【2014-2015】音楽業界の活性化に必要な「ニューミドルマン」の姿 ニューミドルマン養成講座 記念対談 山口哲一×高野修平

インタビュー スペシャルインタビュー

左から:山口哲一氏、高野修平氏

1月17日より開講するニューミドルマン養成講座。3週目のゲスト講師である高野修平さんと主宰の山口哲一さんの対談をお届けする。2014年から2015年へ、市場が縮小し続ける中、デジタル化への移行が課題となっている音楽業界において、国内外、業界内外に豊富な知識を持つ2人の対談が行われました。

 

山口 哲一(やまぐち・のりかず)
音楽プロデューサー/コンテンツビジネス・エバンジェリスト/株式会社バグ・コーポレーション代表取締役


1964年東京生まれ。『デジタルコンテンツ白書 (経済産業省監修)』編集委員、プロ作曲家育成「山口ゼミ」主宰、「Start Me Up Awards」オーガナイザー。SION、村上“ポンタ”秀一、佐山雅弘、村田陽一などの実力派アーティストをマネージメント。東京エスムジカ、ピストルバルブ、SweetVacationなどの個性的なアーティストをプロデューサーとして企画し、デビューさせる。プロデュースのテーマに、ソーシャルメディア活用、グローバルな視点、異業種コラボレーションの3つを掲げている。2011年頃から著作活動も始め、パネルディスカッションのモデレーターやコンテンツ系ITサービスへのアドバイザーとしても活躍している。
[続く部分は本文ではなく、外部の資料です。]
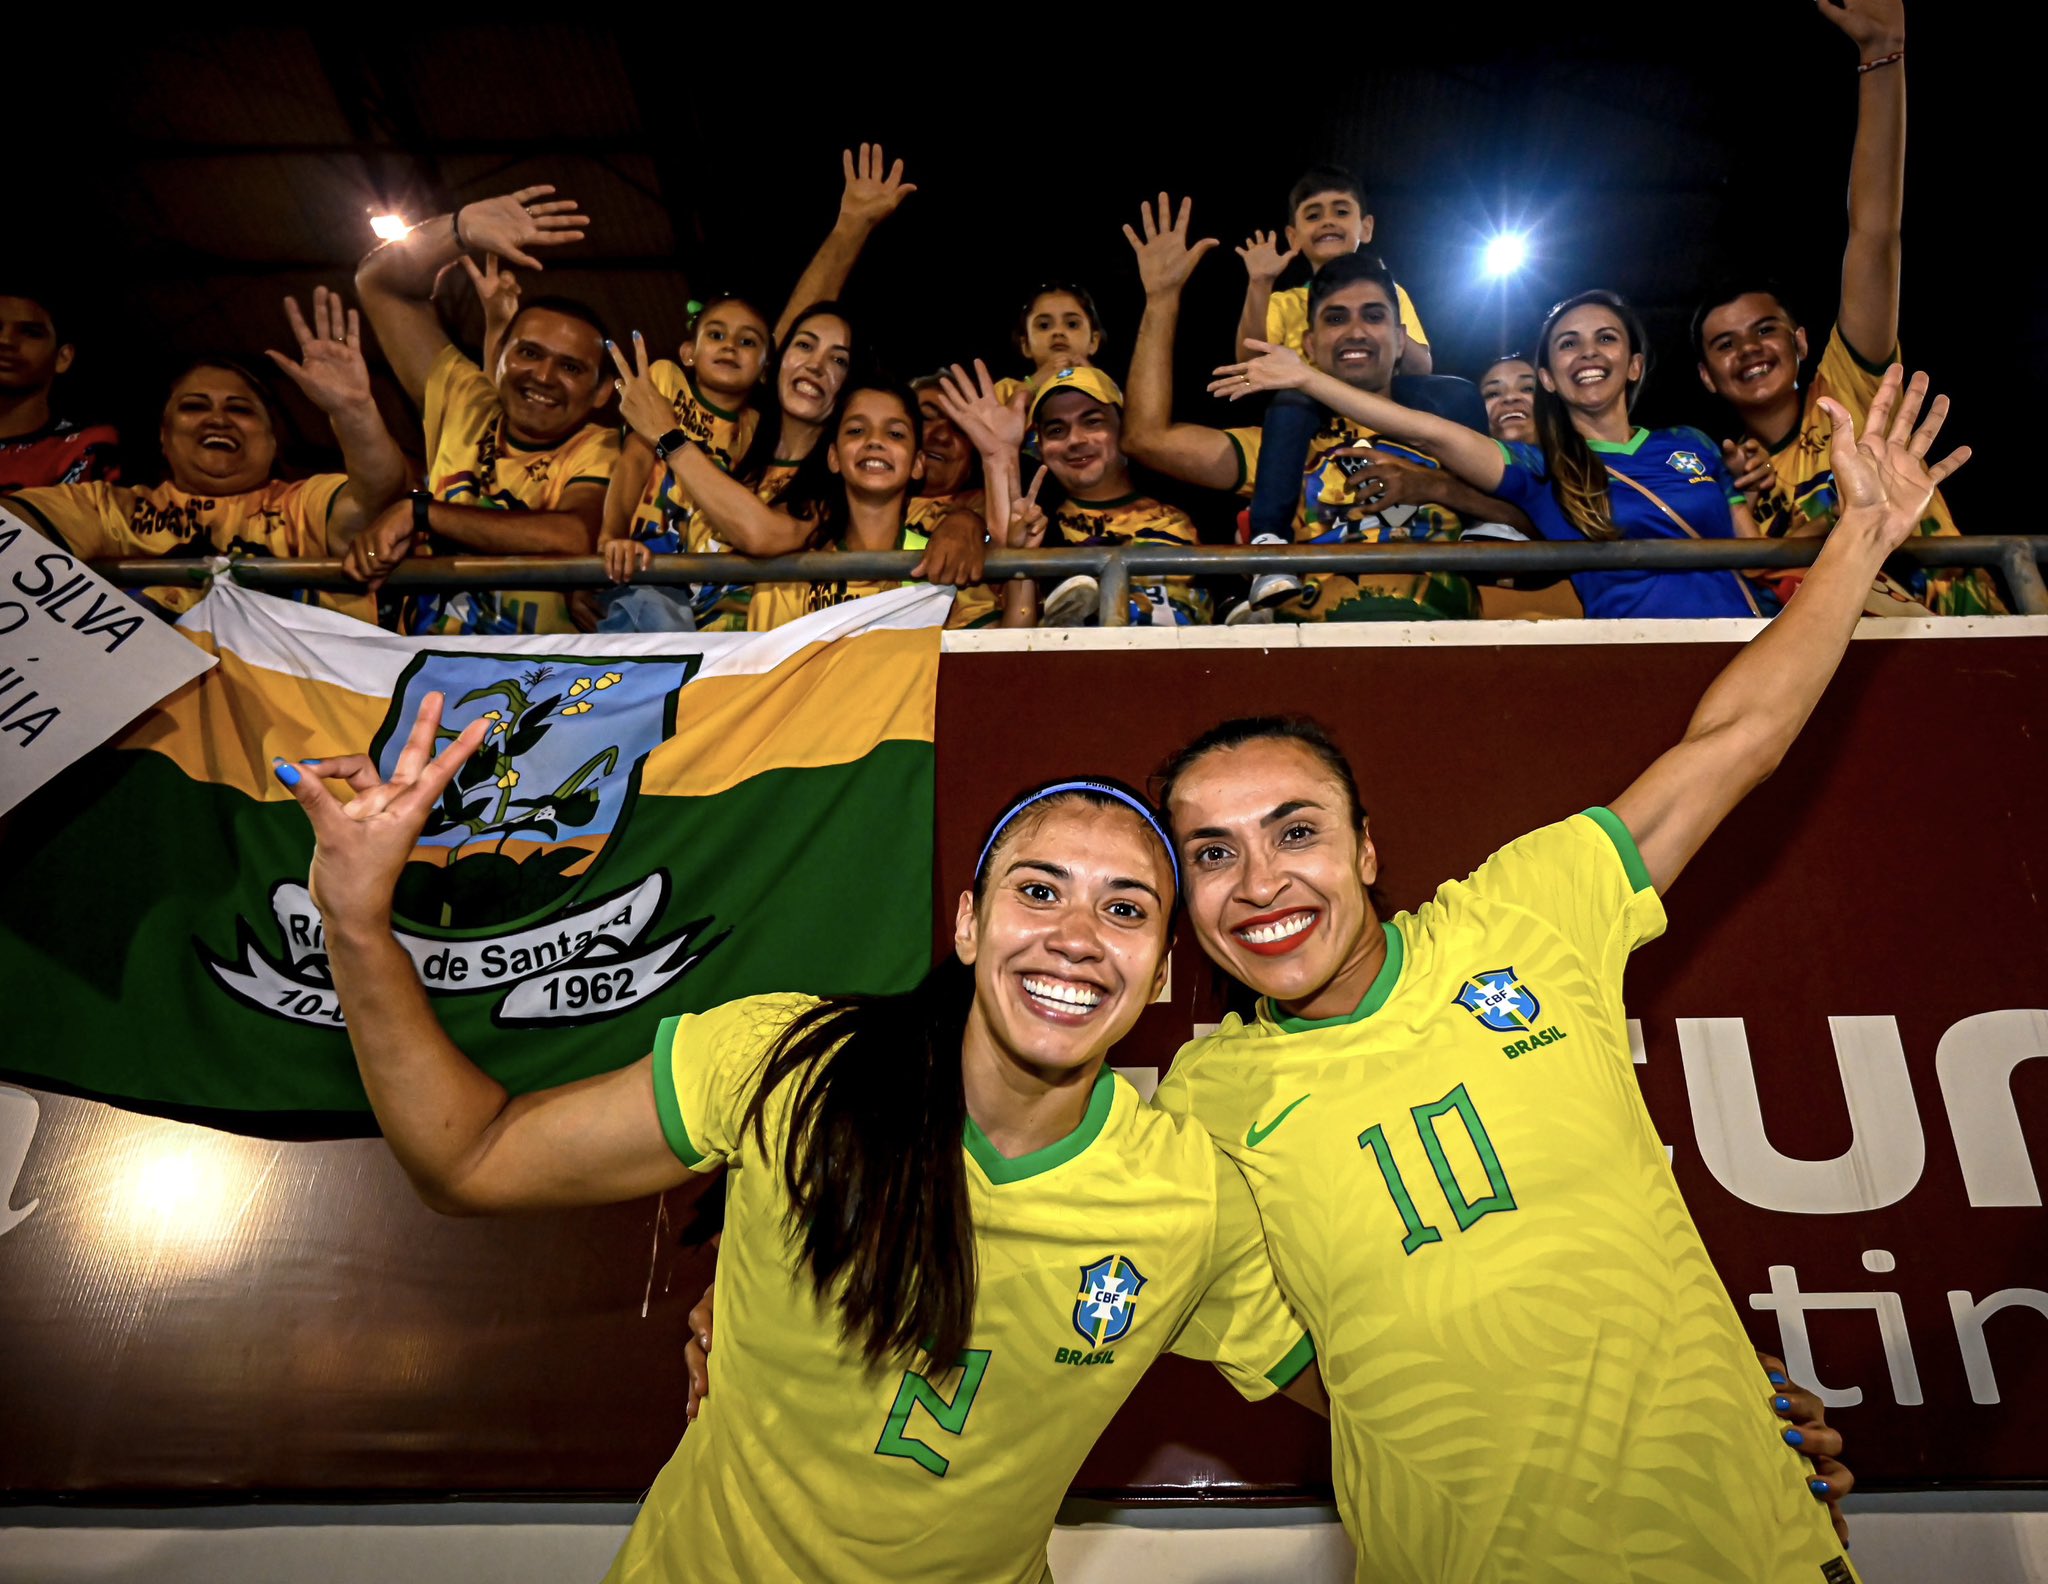 Seleção Feminina de Futebol on X: Bom dia, meu Brasil! 🇧🇷 Hoje tem  #GuerreirasDoBrasil em campo pelo segundo jogo do Torneio Internacional de Futebol  Feminino! Deixe sua mensagem positiva nos comentários e

著書に、『ソーシャルネットワーク革命がみるみるわかる本』(ふくりゅうと共著/ダイヤモンド社)、『ソーシャル時代に音楽を“売る”7つの戦略』(共著/リットーミュージック)、『プロ直伝!職業作曲家への道』(リットーミュージック)、『世界を変える80年代生まれの起業家』(SPACE SHOWER BOOKs)、『DAWで曲を作る時にプロが実際に行なっていること』(リットーミュージック)がある。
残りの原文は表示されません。